NAFTA Is A Failure

The reason [a country] chooses to [sign a treaty or join an international organization] is that the expected benefits outweigh the loss of sovereignty experienced. If the expectation is not realized, a country can terminate its membership.

-- Bill Graham, Canada at the WTO: Towards a Millennium Agenda, A Citizen's Guide to the World Trade Organization and to the Committee's June 1999 Report, The Standing Committee on Foreign Affairs and International Trade, June 1999, p. 7

The United States flat-out refuses meet its obligations under FTA and NAFTA, and Prime Minister Stephen Harper has admitted as much. Canada compromised its sovereignty for a lie.

When the Brian Mulroney government's FTA negotiations were leaked to the public in the mid-1980s, the government went into damage control mode, seeking to limit discourse as much as possible and present the initiative as - get ready - a way to resolve issues like the the softwood lumber dispute.

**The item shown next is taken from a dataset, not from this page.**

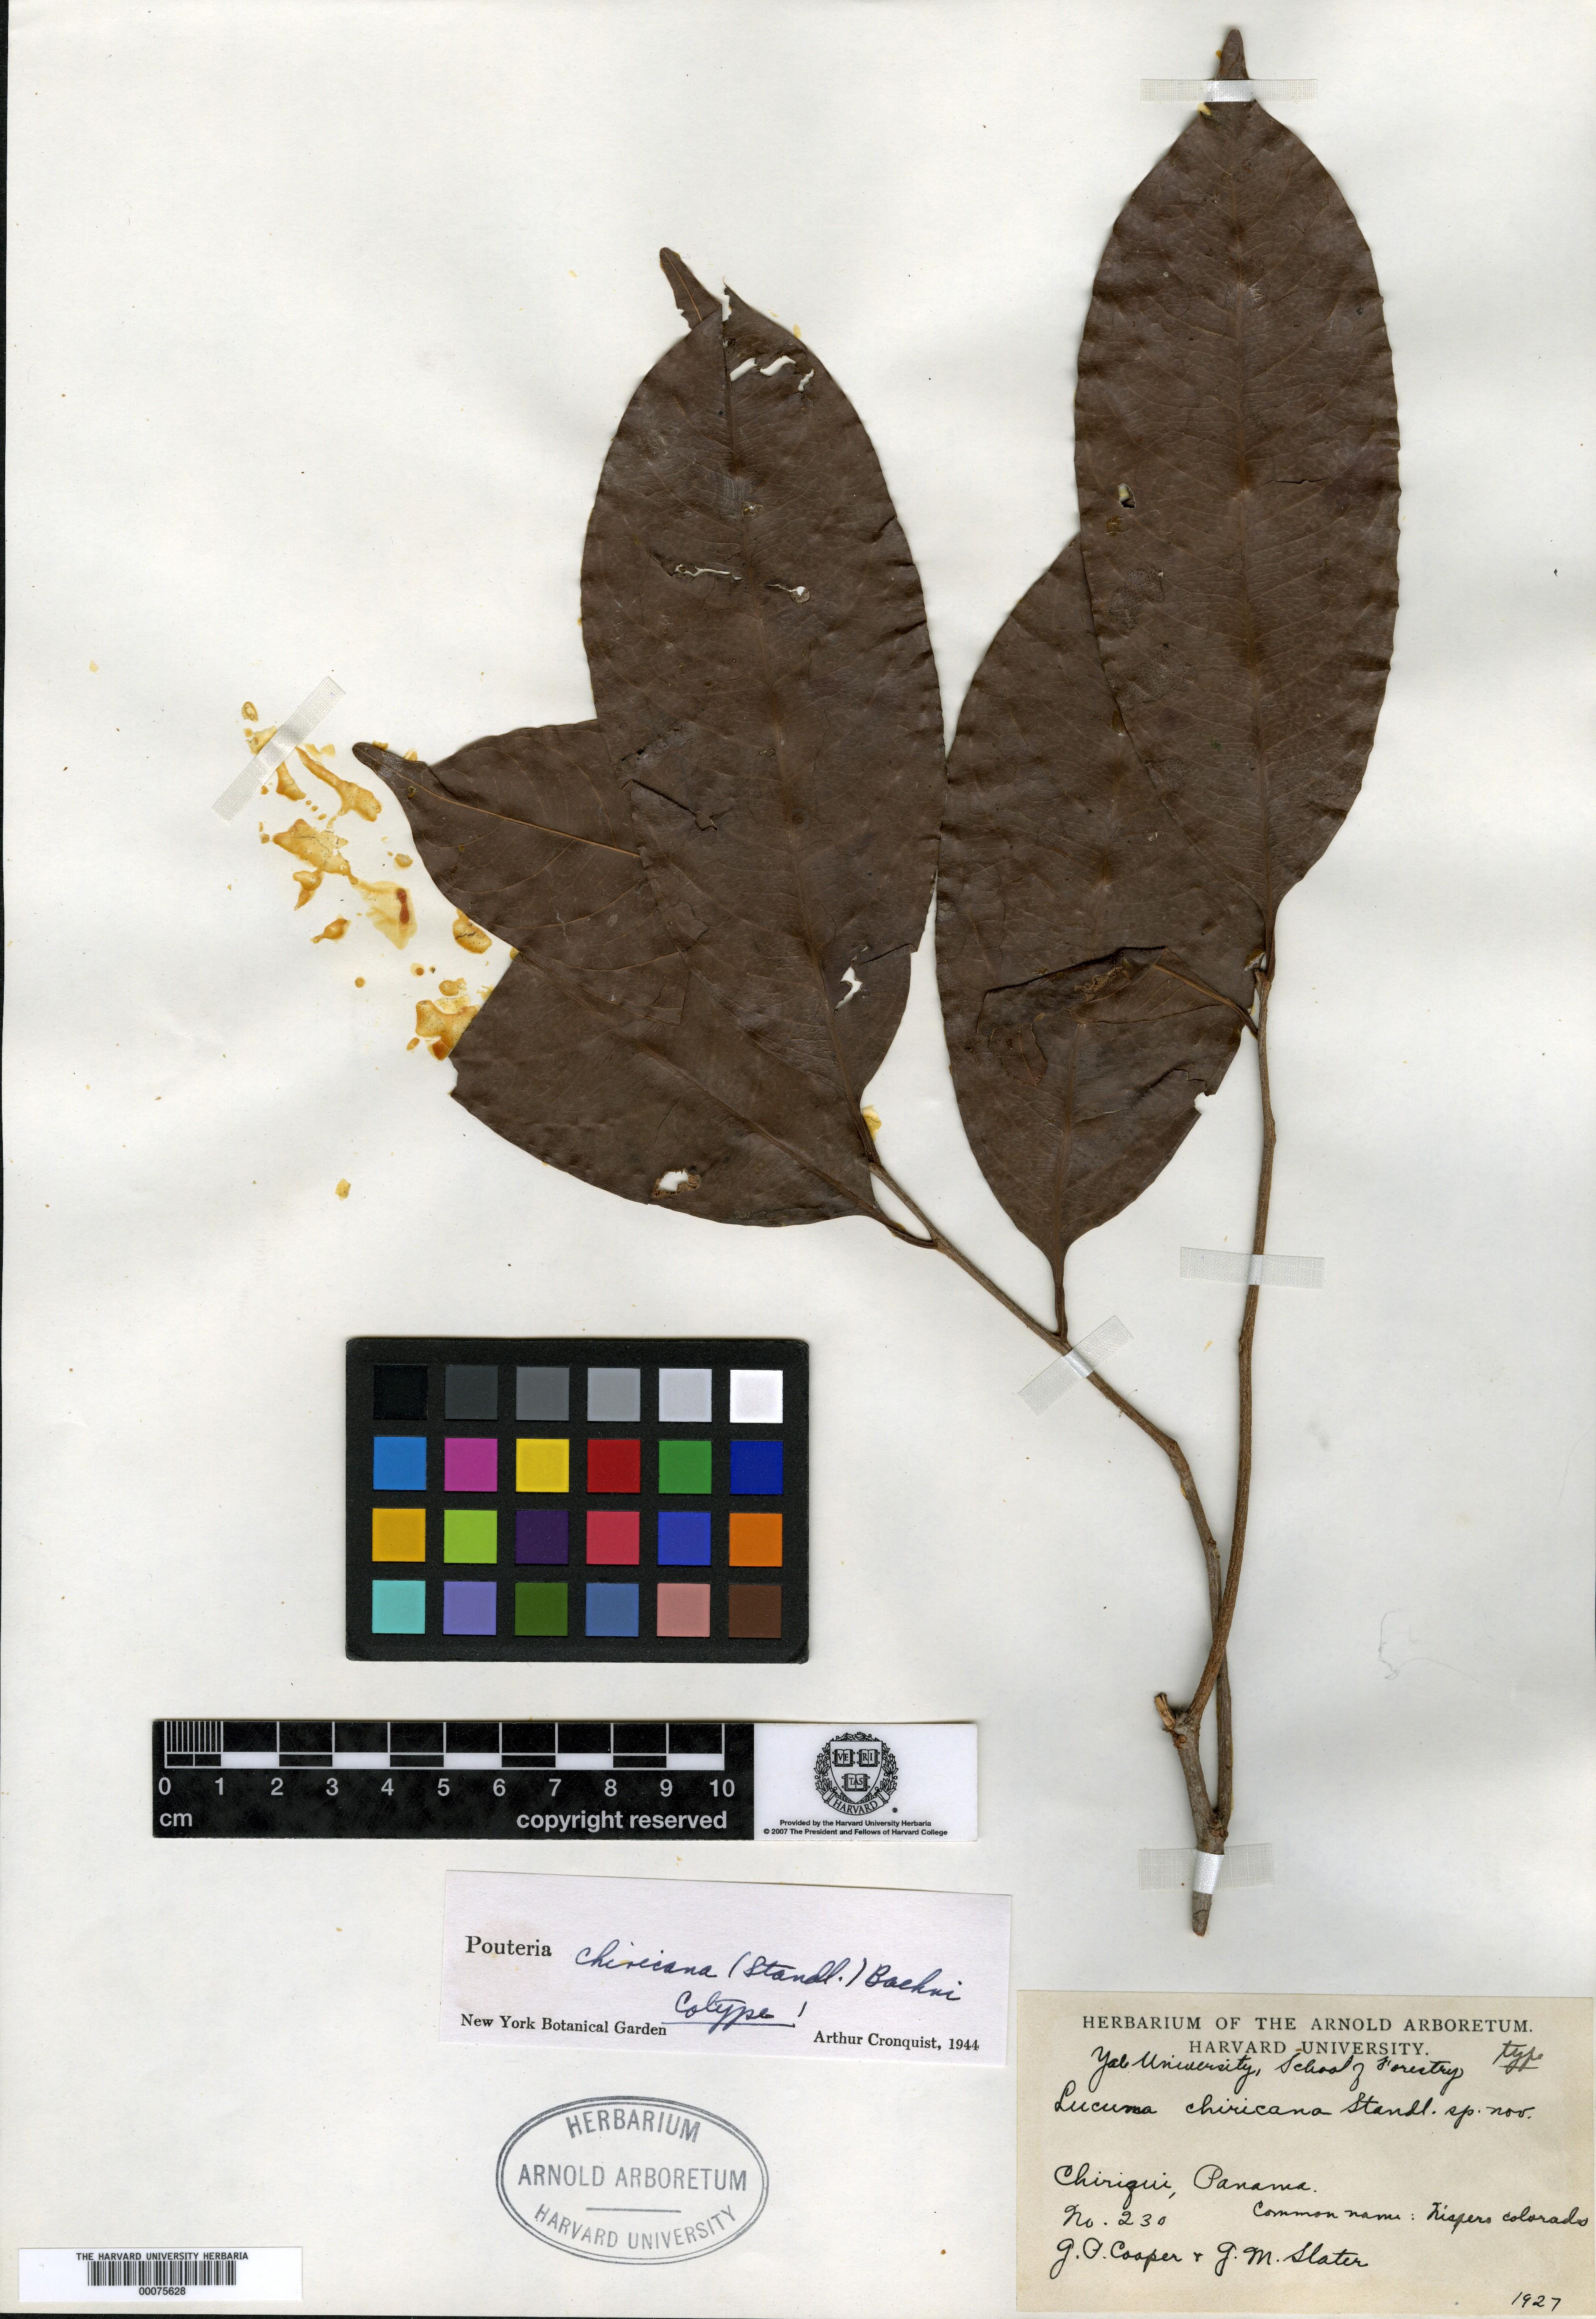 Pouteria chiricana image

Canada abrogated many prerogatives of its sovereignty and a large swath of national interest to get that deal with America. The bait was open access to American markets - not only for trade but also for investment, since, as economist (and later politician) Jacques Parizeau explained, "concentration of assets has brought about a few groups that now find the Canadian 'pond' a bit small for them and therefore tend to go to the United States" (Jacques Parizeau, "Corporate Concentration & Changes in the Regulation of Financial Institutions," R. S. Khemani et al, Eds., Mergers, Corporate Concentration and Power in Canada, Institute for Research on Public Policy, Halifax, 1988, p. 383) - and a guarantee against American protectionism via the mutual promise to abide by FTA rules and a binding dispute settlement mechanism.

Stephen Harper's softwood deal directly abrogates NAFTA. Even though repeated NAFTA panels have ruled on Canada's behalf, the US government simply refused to accept the NAFTA rulings that it is not allowed to tax Canadian lumber. Harper's "deal" essentially legitimizes America's refusal to follow the rules it helped draft, under the excuse that by accepting this, we're just being realistic.

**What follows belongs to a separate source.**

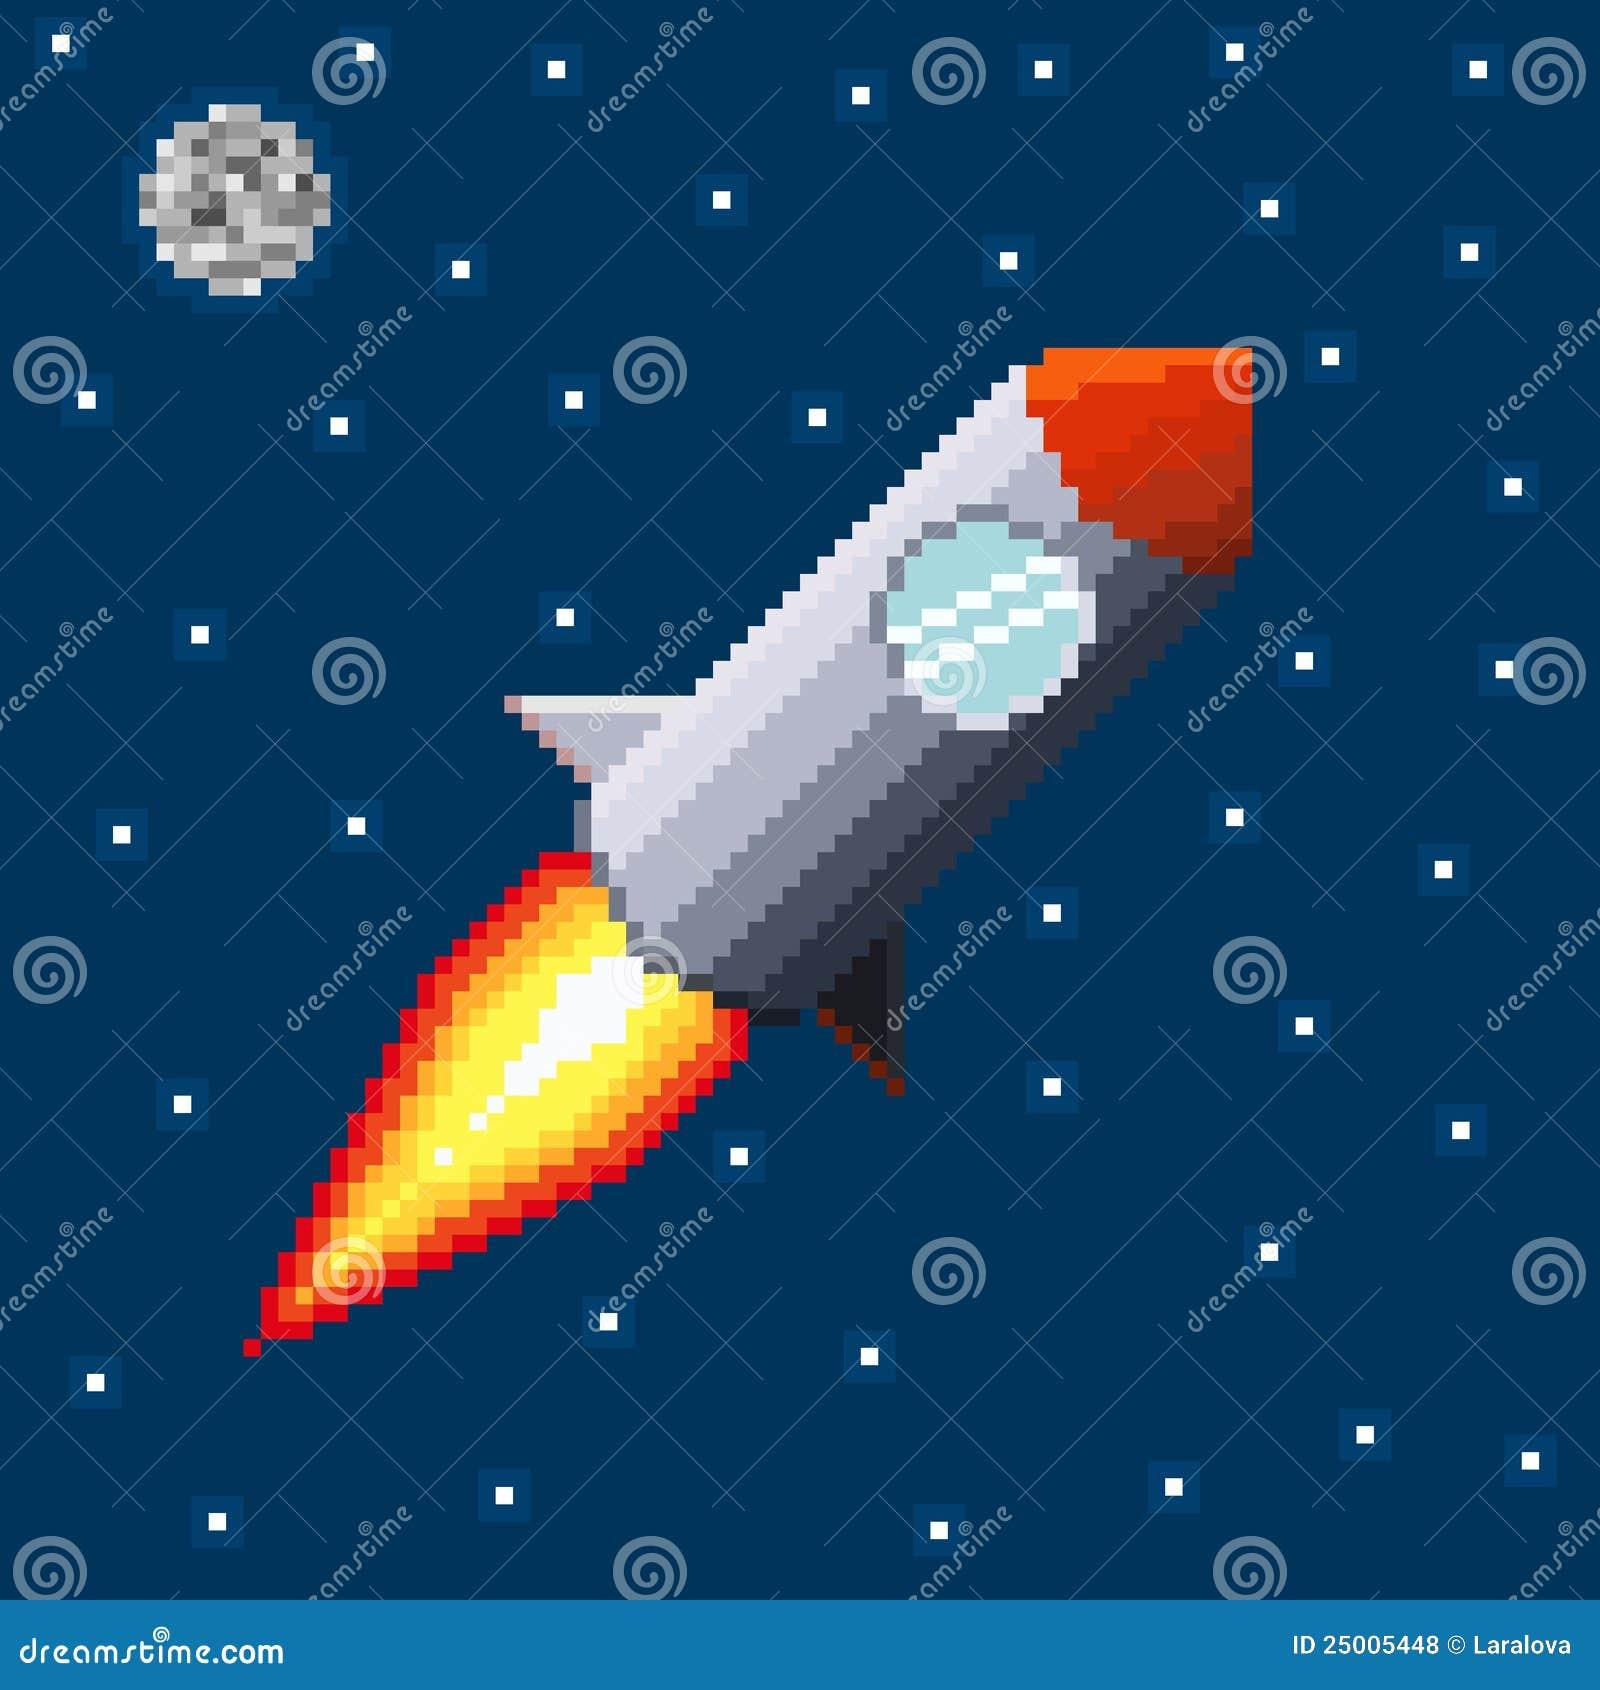 Pixel Rocket In Space Stock Vector. Illustration Of

Canada gave up very, very much to get its FTA/NAFTA: control over our energy and water, control over the form that foreign investment takes in Canada (since NAFTA, nearly all foreign investment has been either short term speculation or wholesale purchase of Canadian firms, not FDI as promised), control over taxation and spending, control over whether and how public services are provided (NAFTA includes a clause stating that if a public service - say, health care - is delivered privately for profit, it reverts automatically to the private sector and comes under NAFTA rules), and control over investment flows.

In exchange, we were supposed to get a guarantee of good faith from our "partner" to the south, a guarantee that the United States has never honoured. Harper's "deal" is an admission that NAFTA is a failure. The sleeping elephant can still twitch whenever it pleases.

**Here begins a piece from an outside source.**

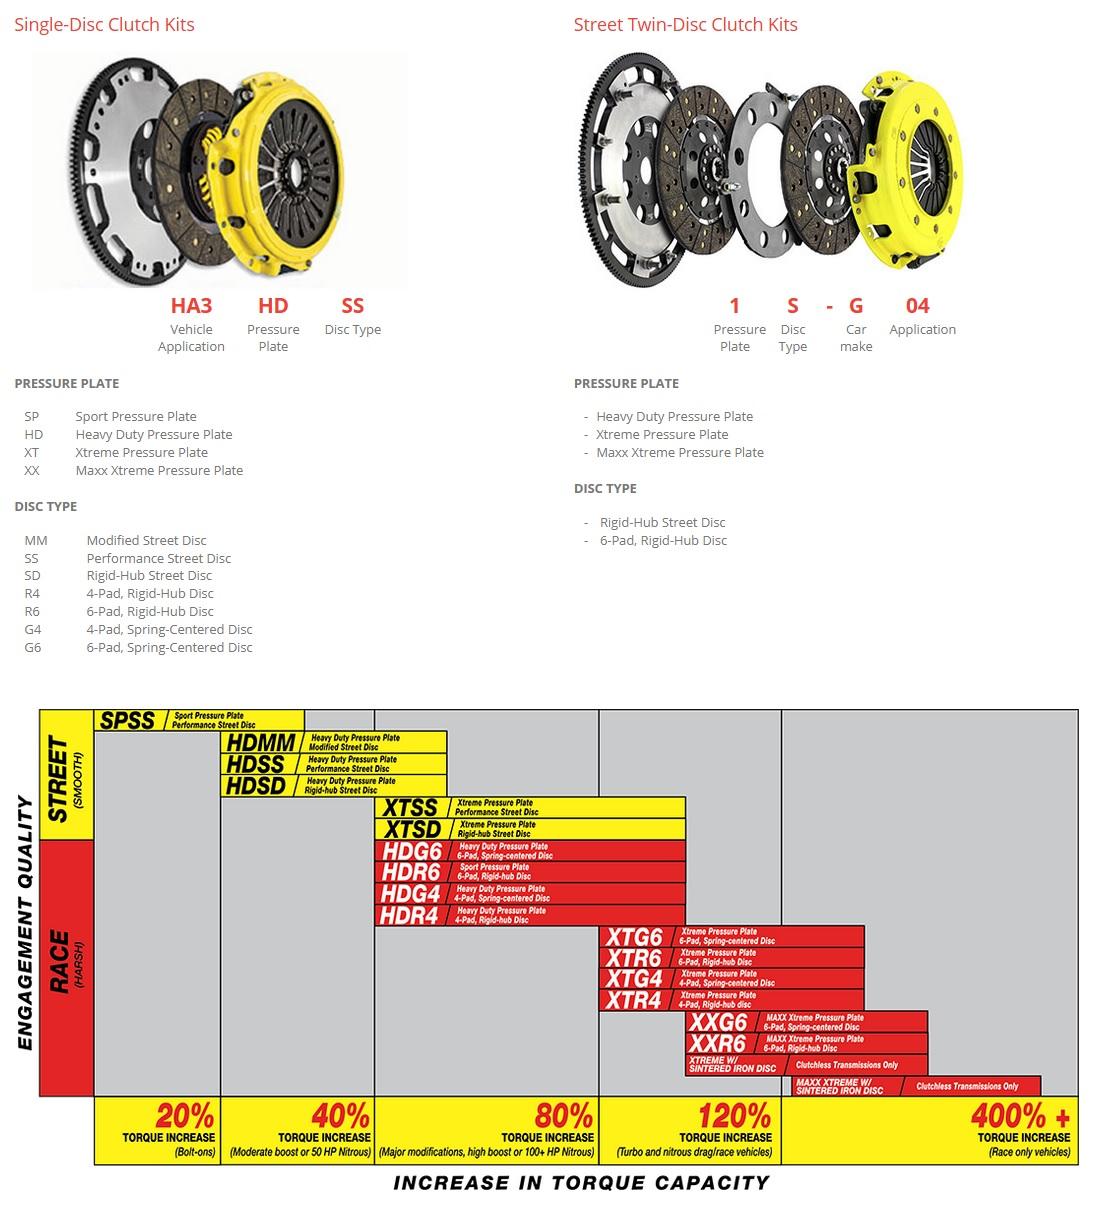 ACT H021 Heavy Duty Pressure P

As Gordon Ritchie, Canada's principal negotiator for the original FTA, later wrote, "The American position was simple: if you want to sell in our markets, you have to play by our rules. If our rules give our own producers an enormous home advantage, that is just too bad. It would be unthinkable, politically, for us to propose that we change any of these laws in any respect just to accomodate Canada." (Gordon Ritchie, Wrestling with the Elephant, McFarlane Walter & Ross, Toronto, 1997, p. 84)

Amazingly, even this understates the issue. NAFTA is a treaty between Canada, the United States, and Mexico. According to the US Constitution, treaties have the force of domestic law, meaning America's tax on Canadian softwood is illegal even according to America's rules.

Instead of holding the US accountable for its criminal activity, Harper has given America a get out of jail free card. We can be sure America will now happily use that card in perpetuity.